◆ What you are asked to do ◆
With the pictures left out, reproduce exactly the lines running from the line with "Japan radioactive - nuclear" to the last line of the material below.

◆ Stored data ◆
Content starts
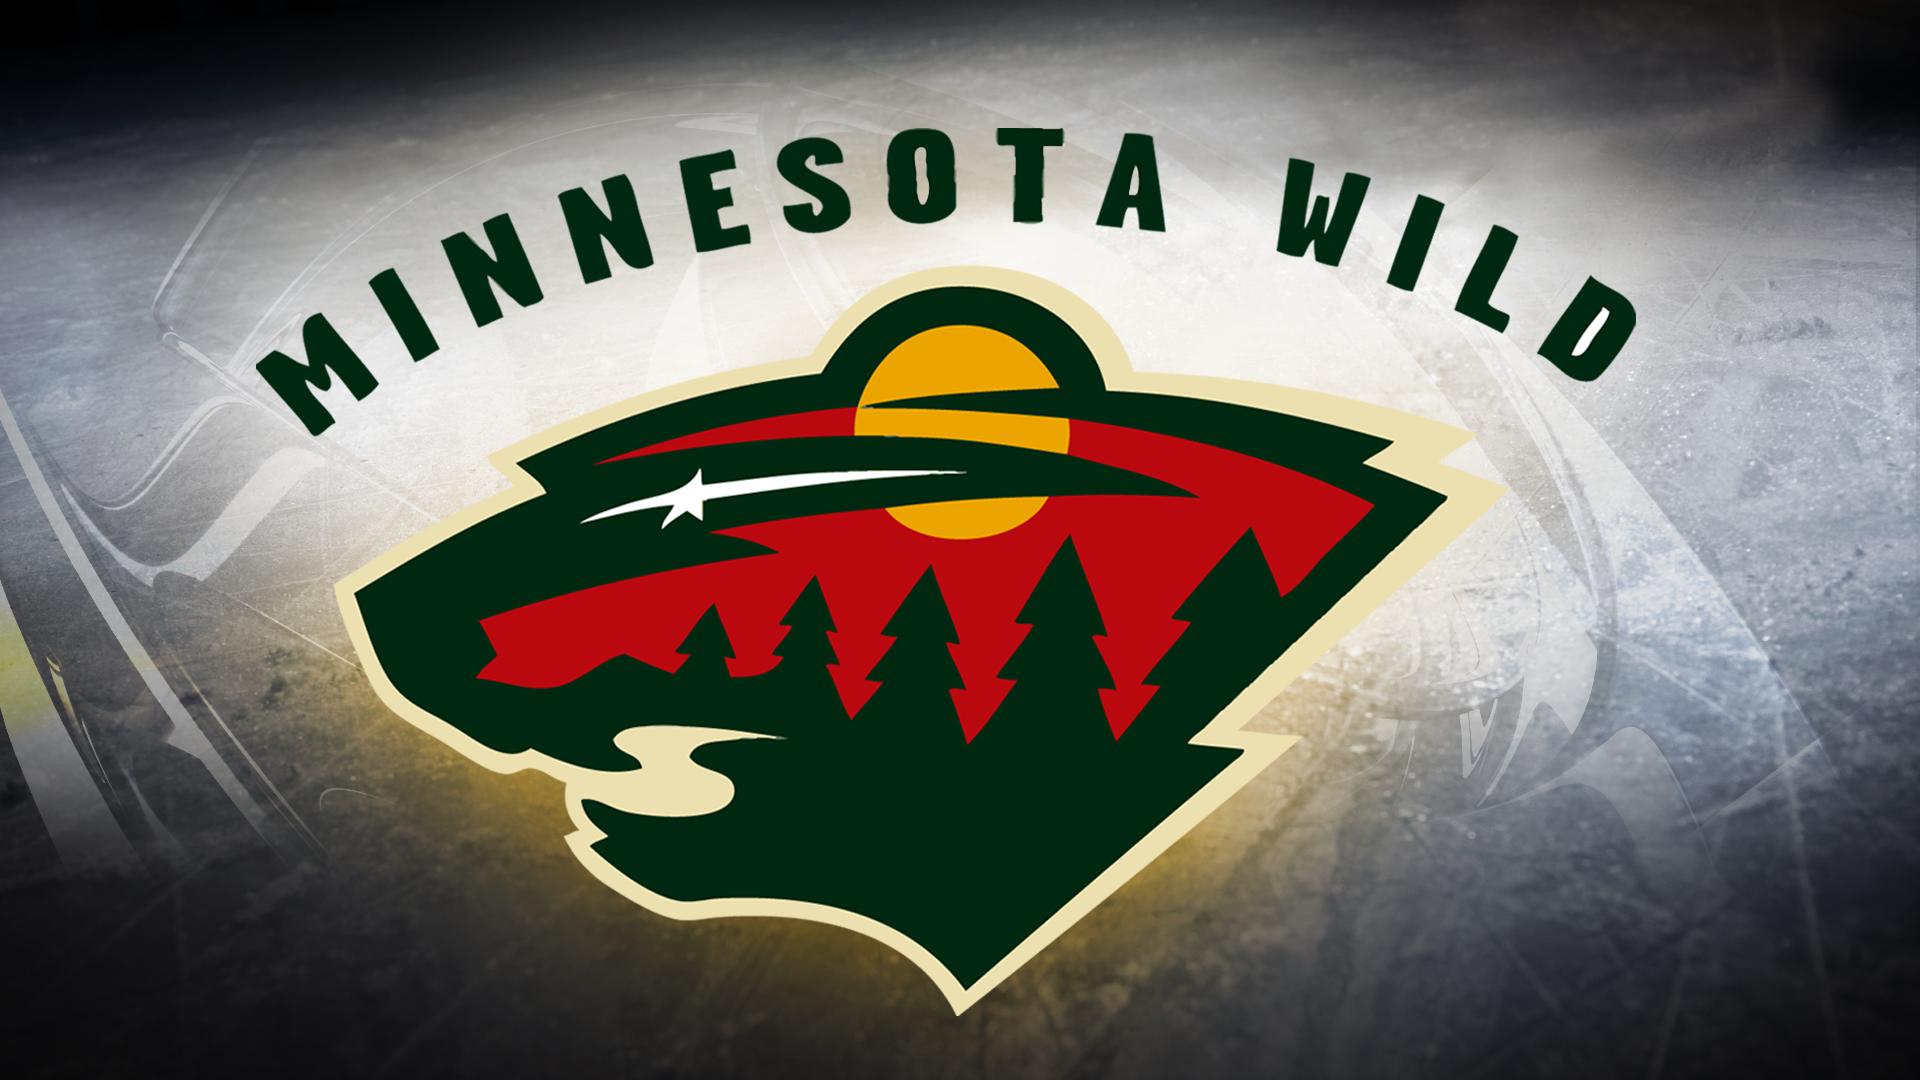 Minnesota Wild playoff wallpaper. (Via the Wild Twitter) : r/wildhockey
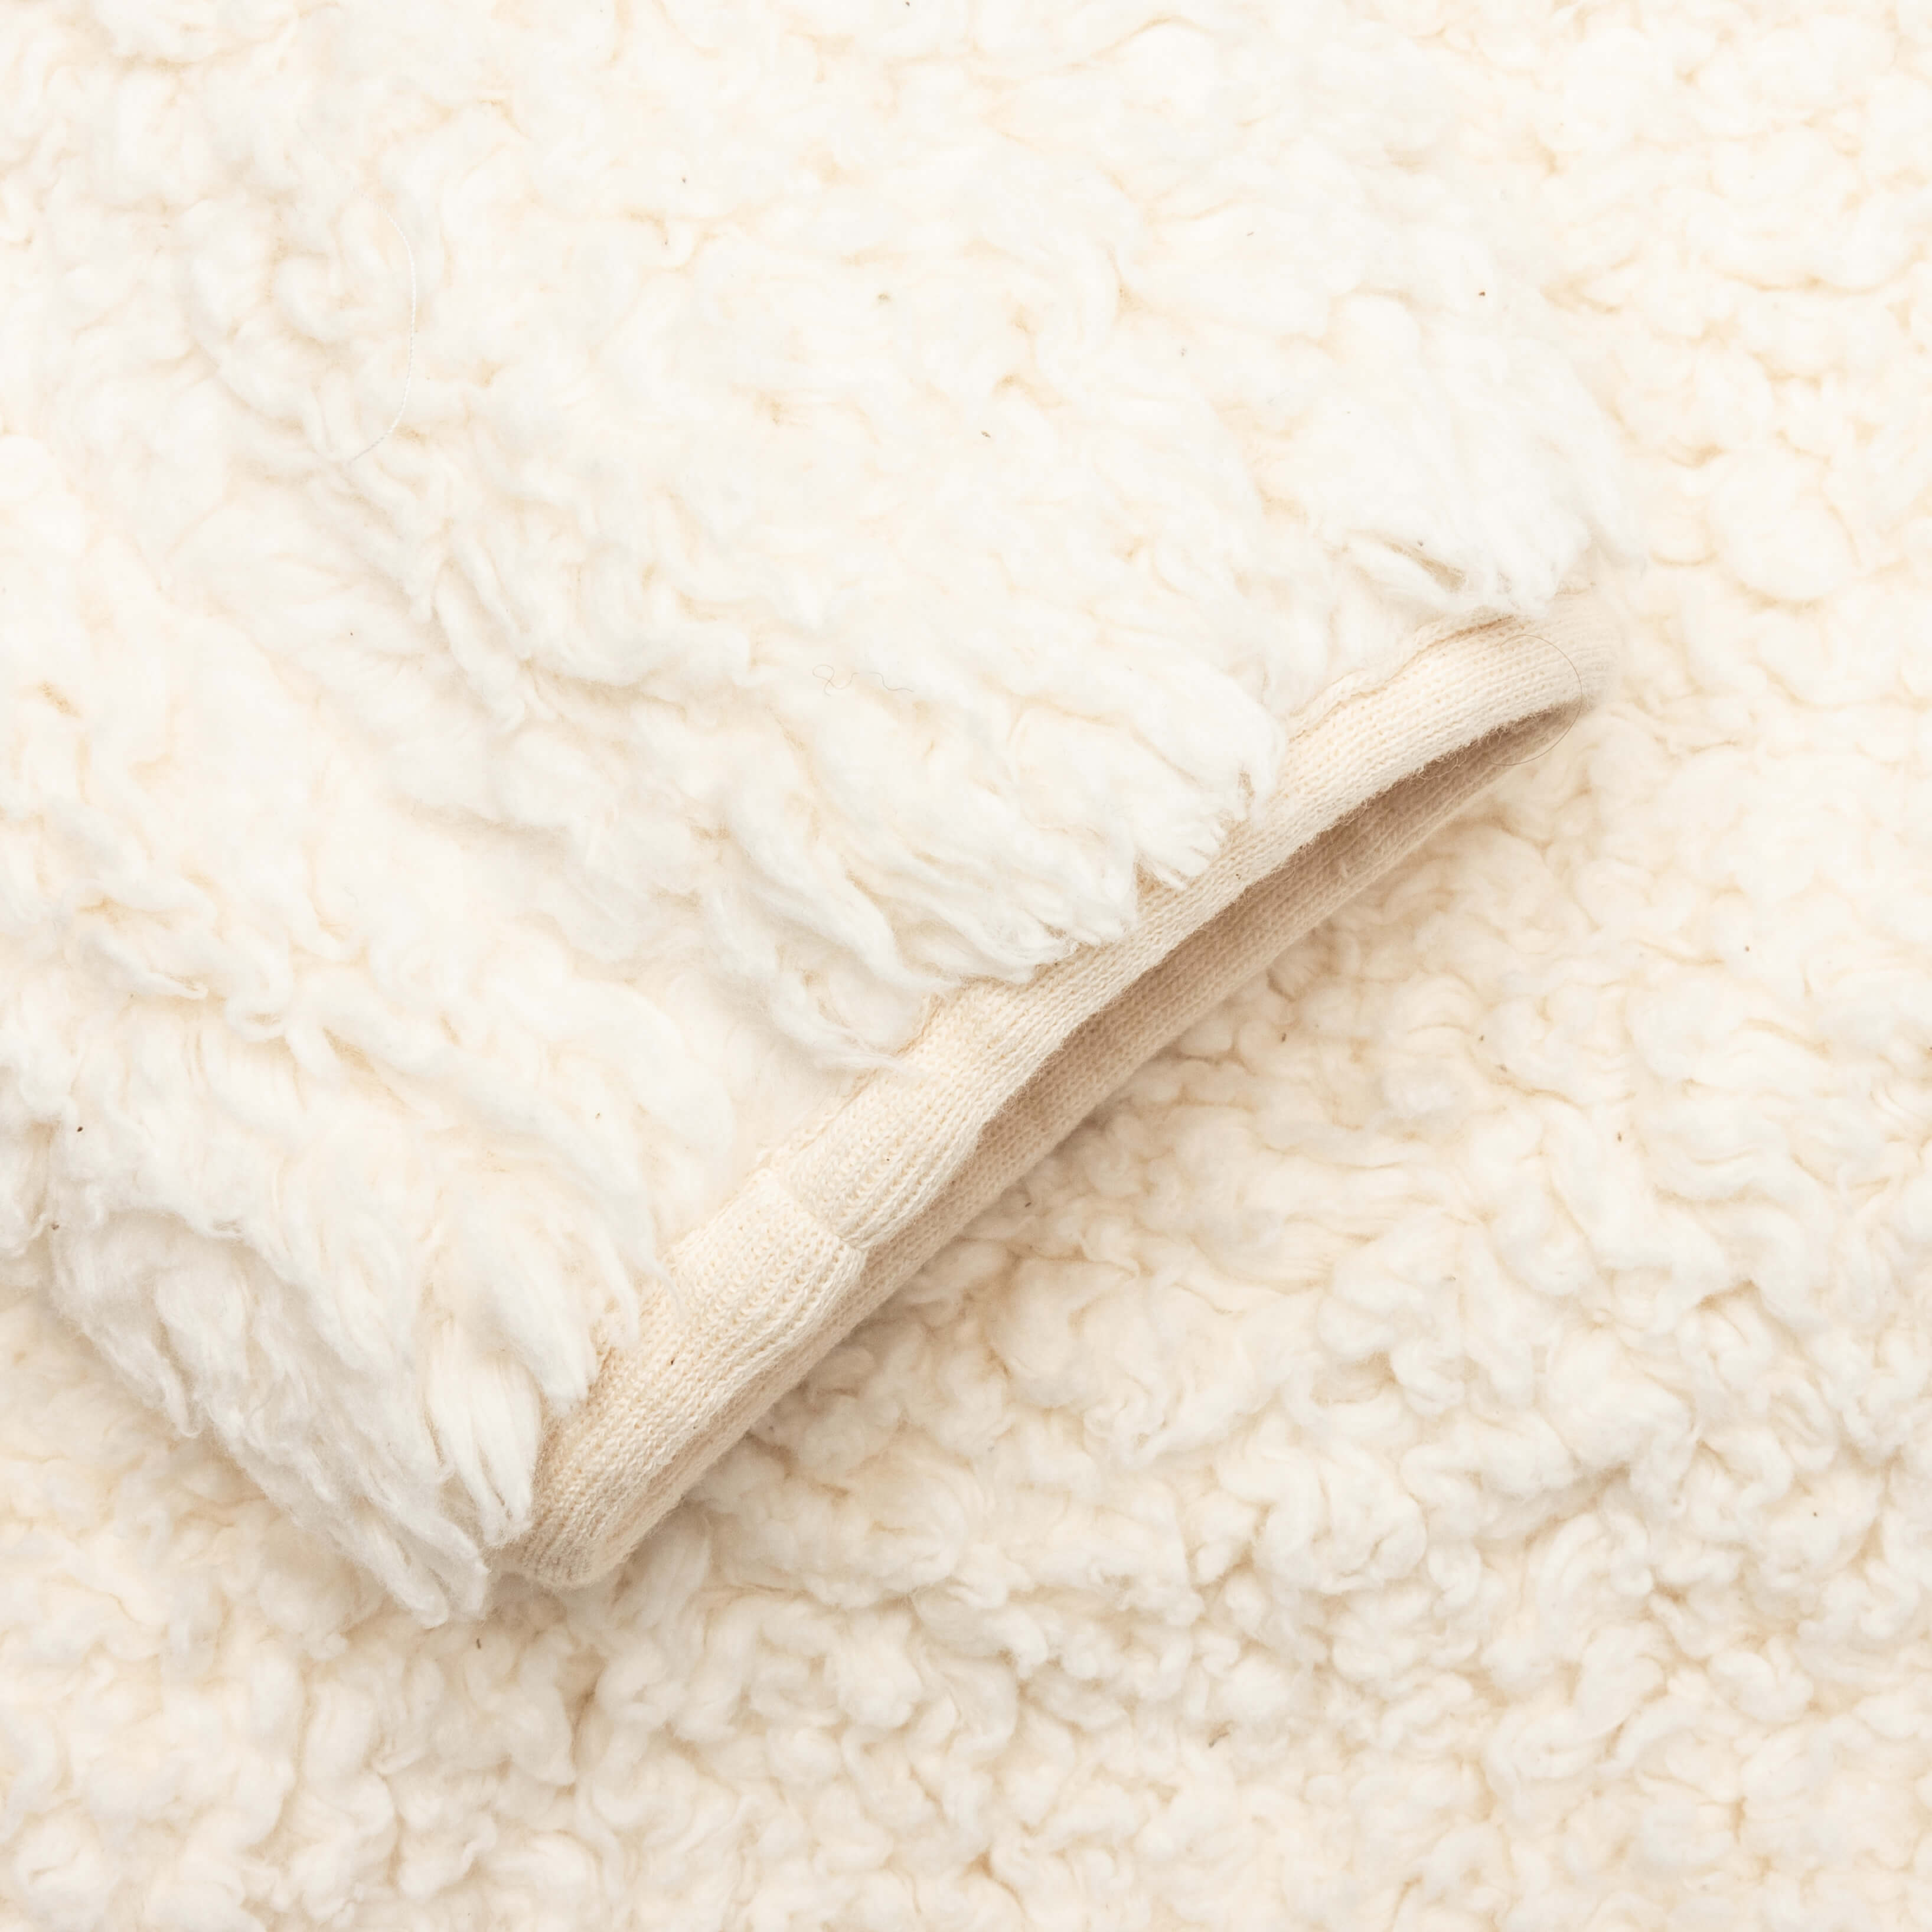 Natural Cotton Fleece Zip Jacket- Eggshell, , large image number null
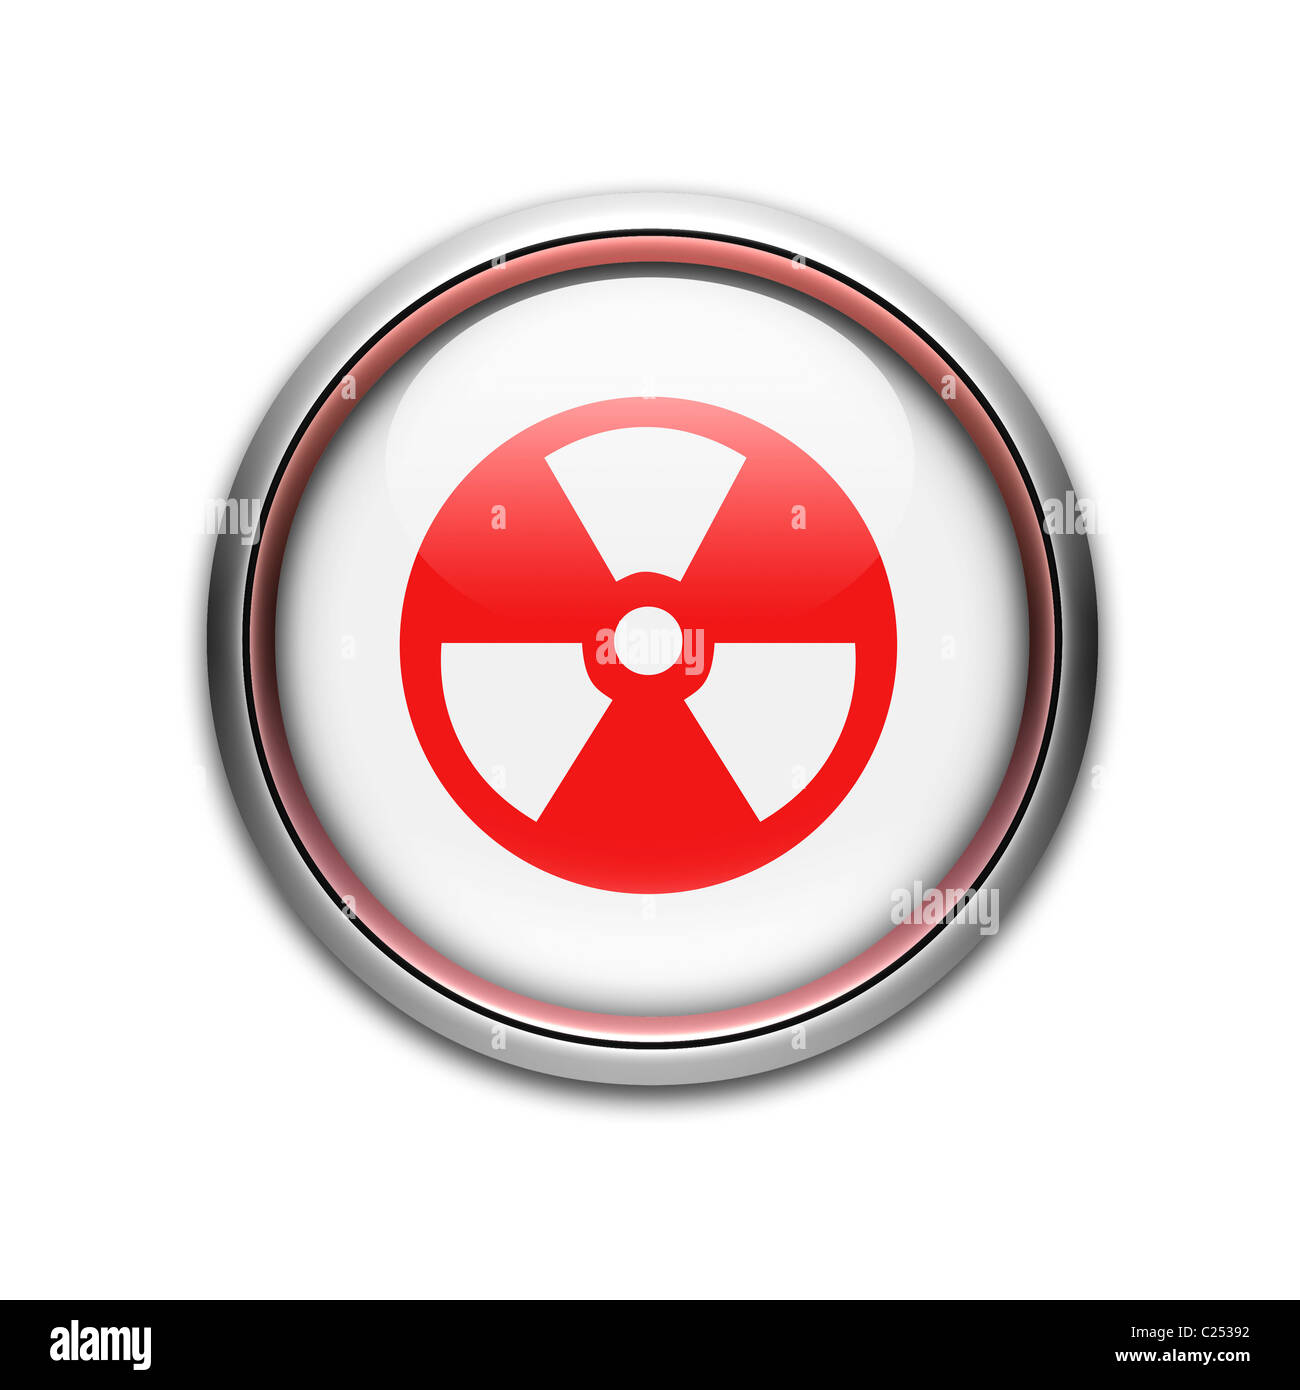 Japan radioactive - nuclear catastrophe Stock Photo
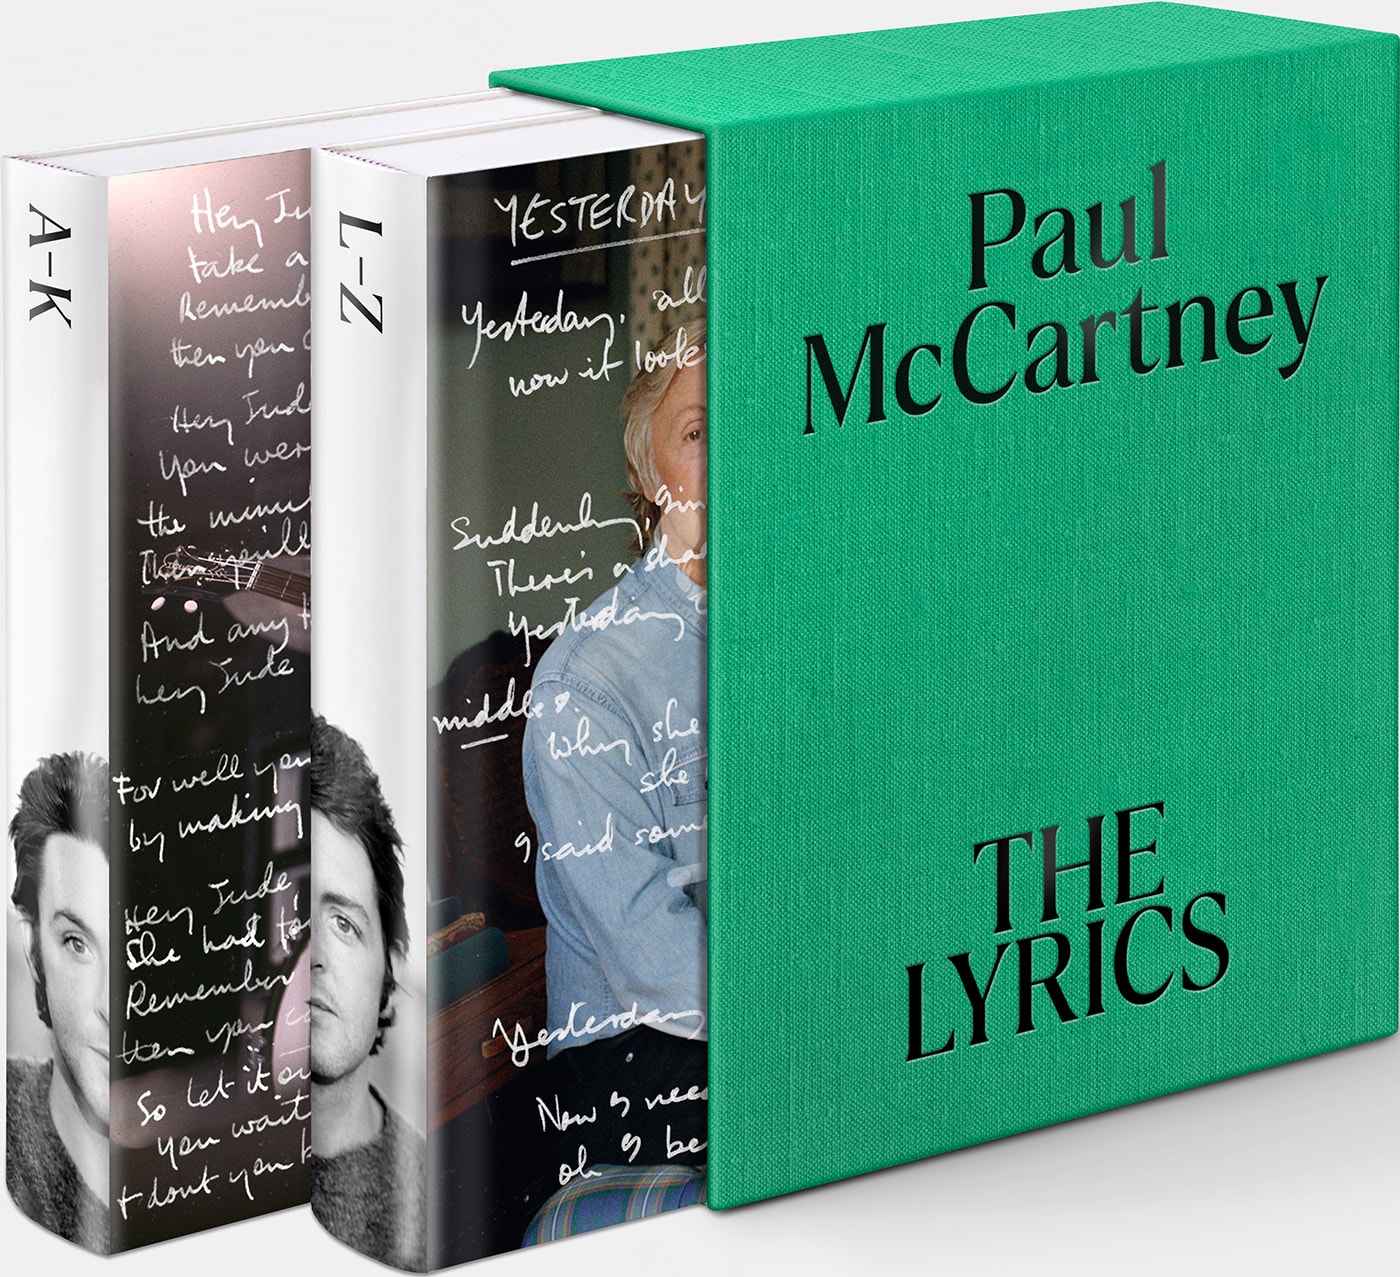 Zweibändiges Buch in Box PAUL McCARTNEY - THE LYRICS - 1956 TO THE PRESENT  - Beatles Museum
Content ends
◆ Output for this task ◆
 Japan radioactive - nuclear catastrophe Stock Photo
 Zweibändiges Buch in Box PAUL McCARTNEY - THE LYRICS - 1956 TO THE PRESENT  - Beatles Museum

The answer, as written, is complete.